-- DATA PROVIDED --

▶

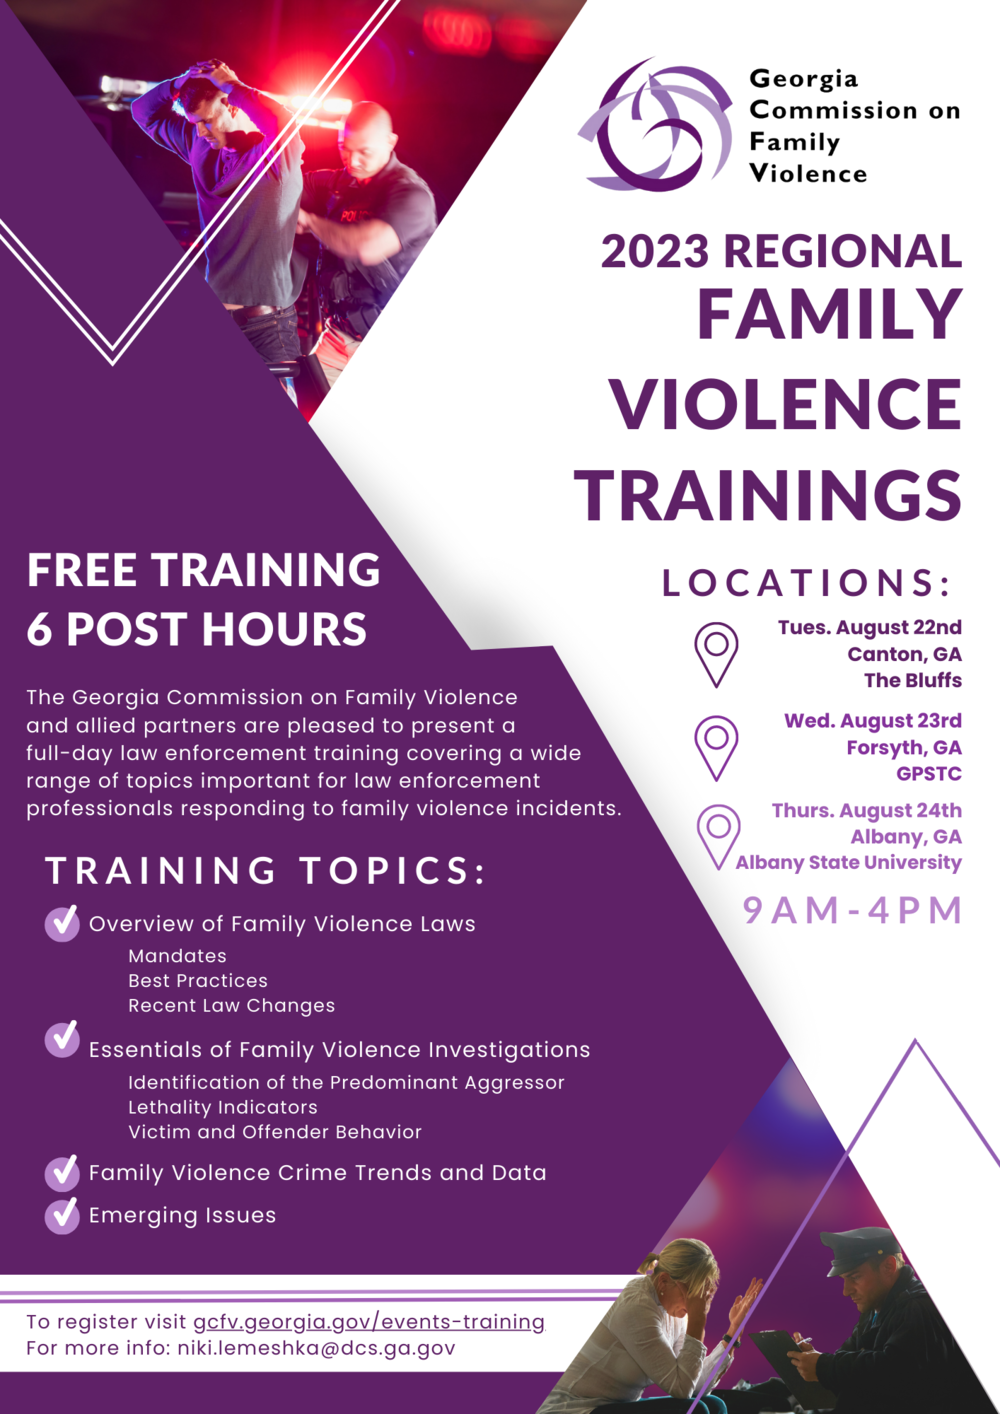 Image is of training flier for Georgia Commission on Family Violence  2023 GCFV Regional Family Violence Training. It contains text also contained on this website, as well as images of a person being arrested and a person being interviewed by police officers.
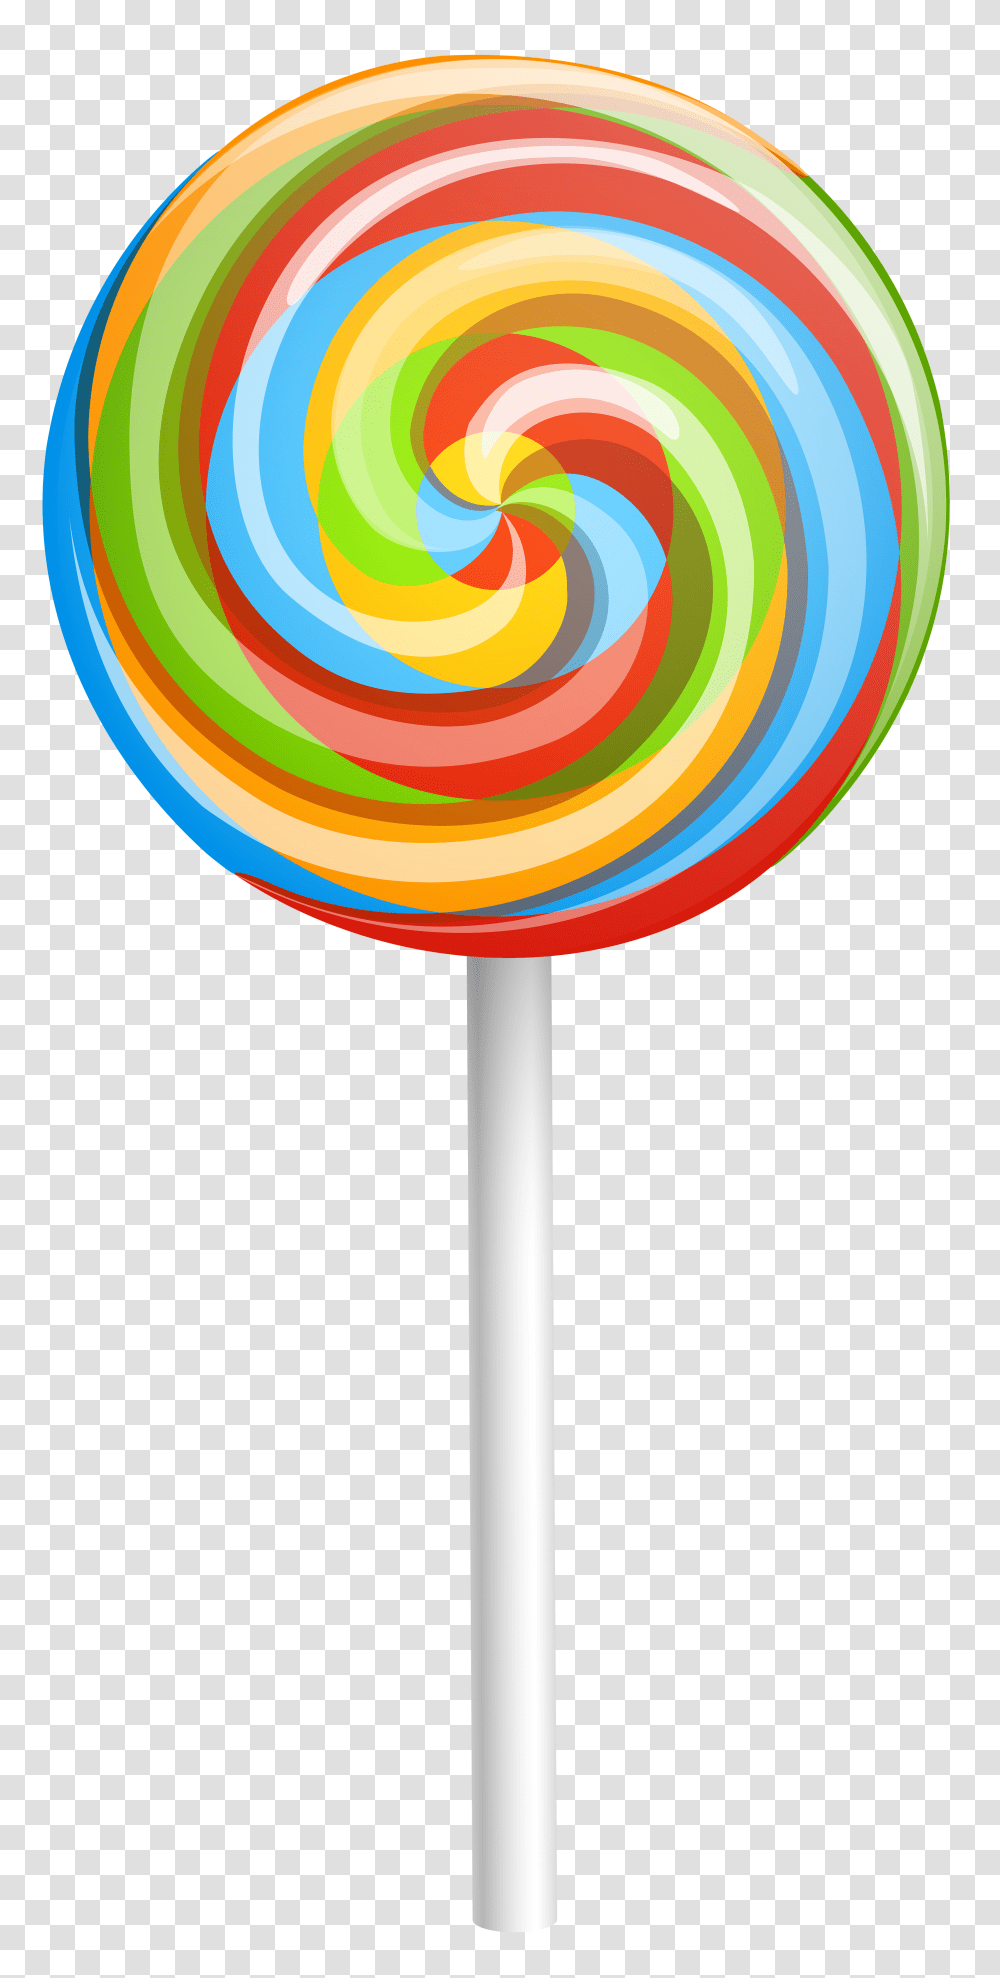 Candies 1 Image Lollipop, Sweets, Food, Confectionery, Candy Transparent Png
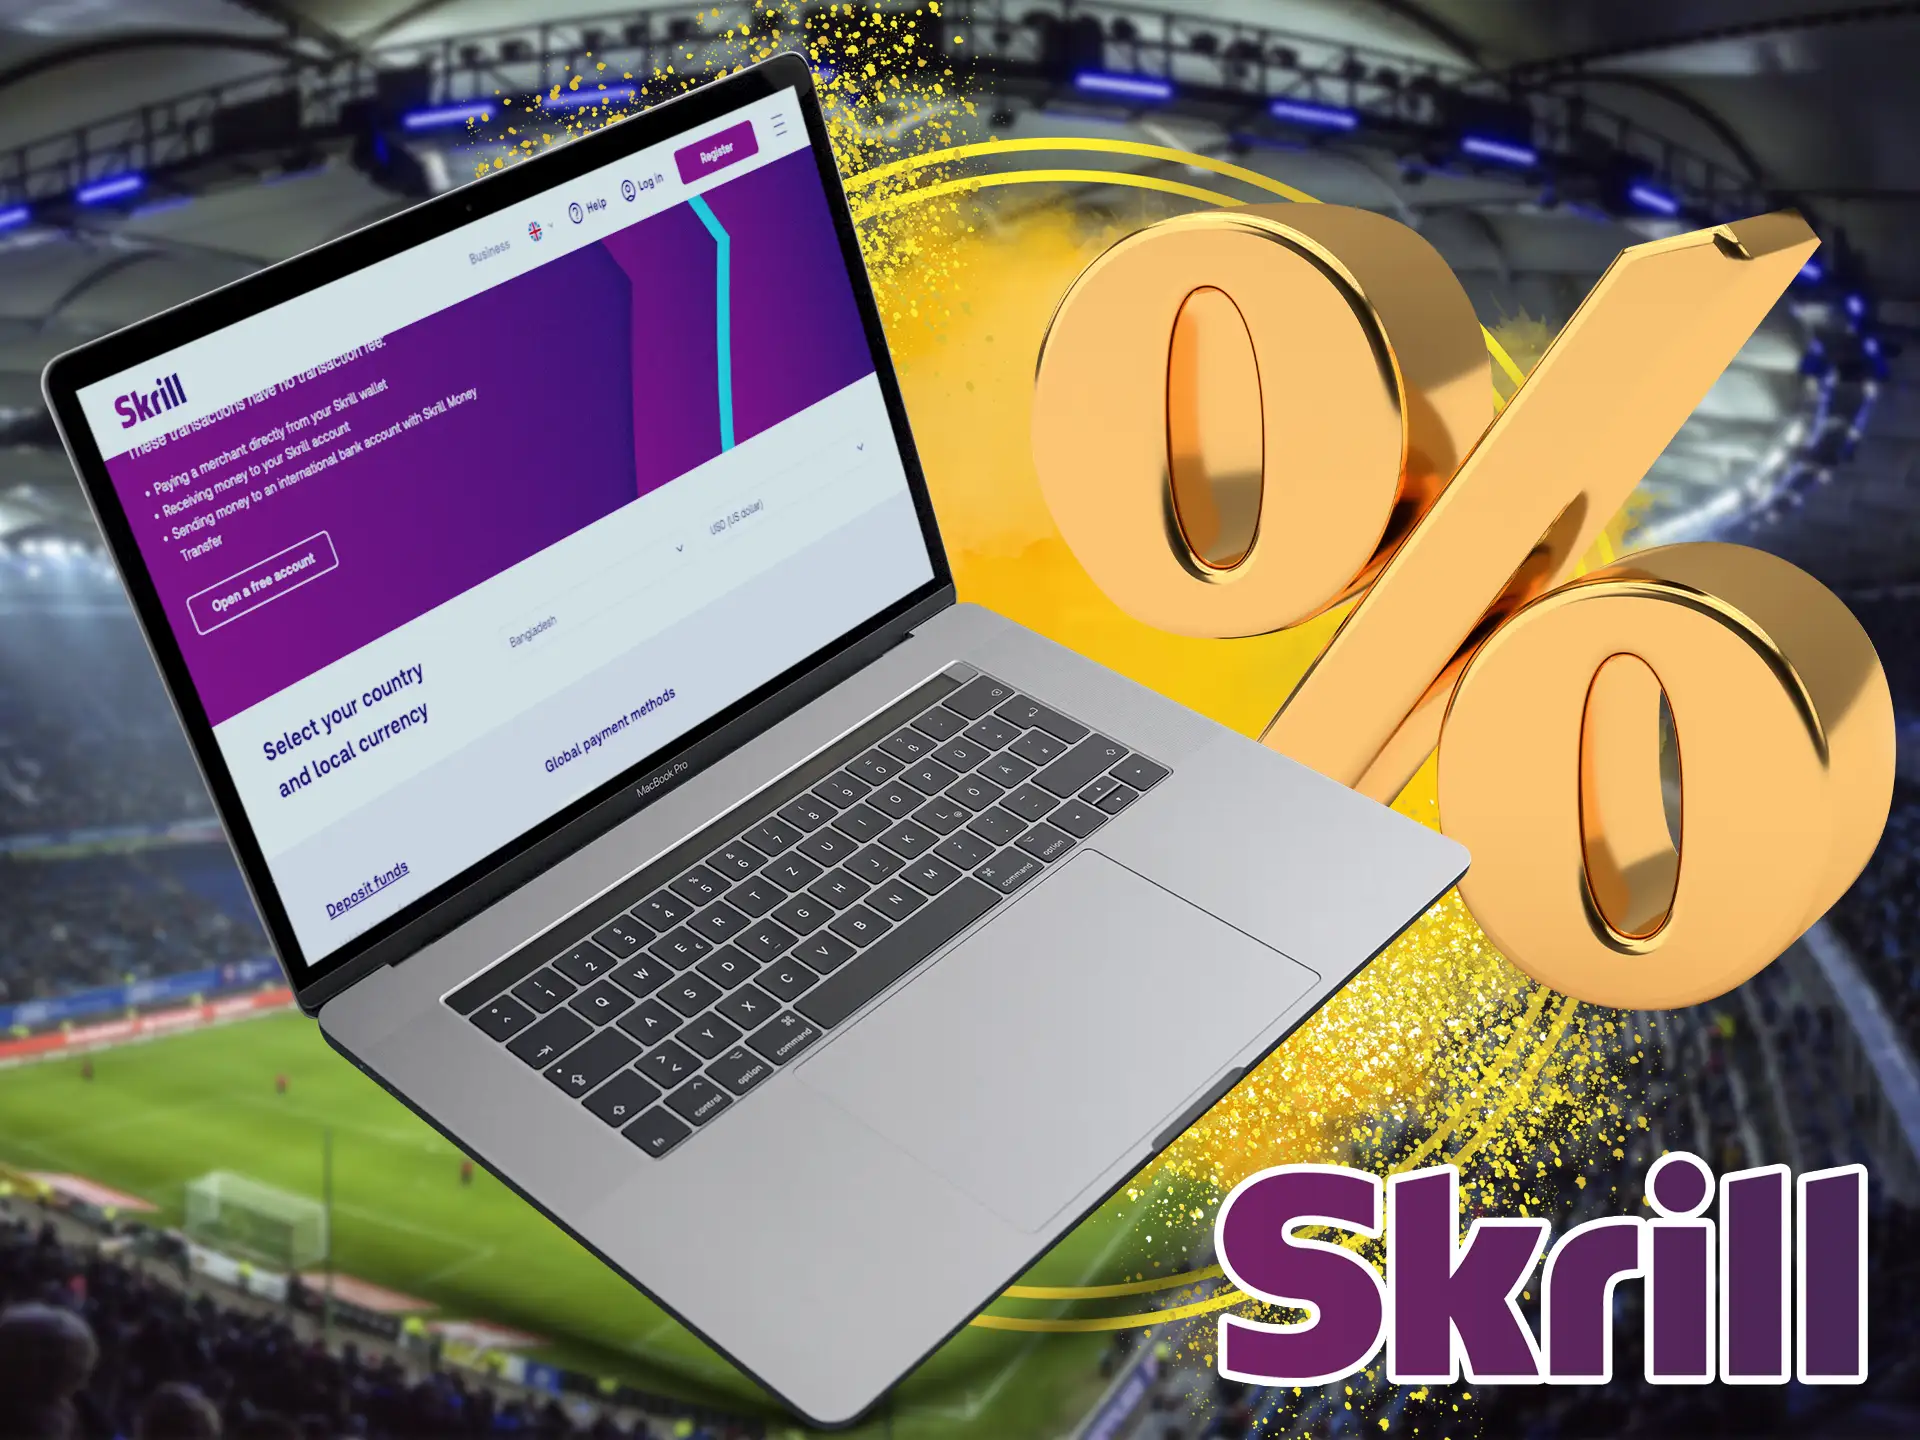 Unfortunately there are some restrictions when using the Skrill system that players should be aware of.

◀

-- INSTRUCTIONS TO FOLLOW --
Copy out the listing word for word and skip its pictures.

-- OUTPUT BELOW --
 Image is of training flier for Georgia Commission on Family Violence  2023 GCFV Regional Family Violence Training. It contains text also contained on this website, as well as images of a person being arrested and a person being interviewed by police officers.
 Candies 1 Image Lollipop, Sweets, Food, Confectionery, Candy Transparent Png
 Unfortunately there are some restrictions when using the Skrill system that players should be aware of.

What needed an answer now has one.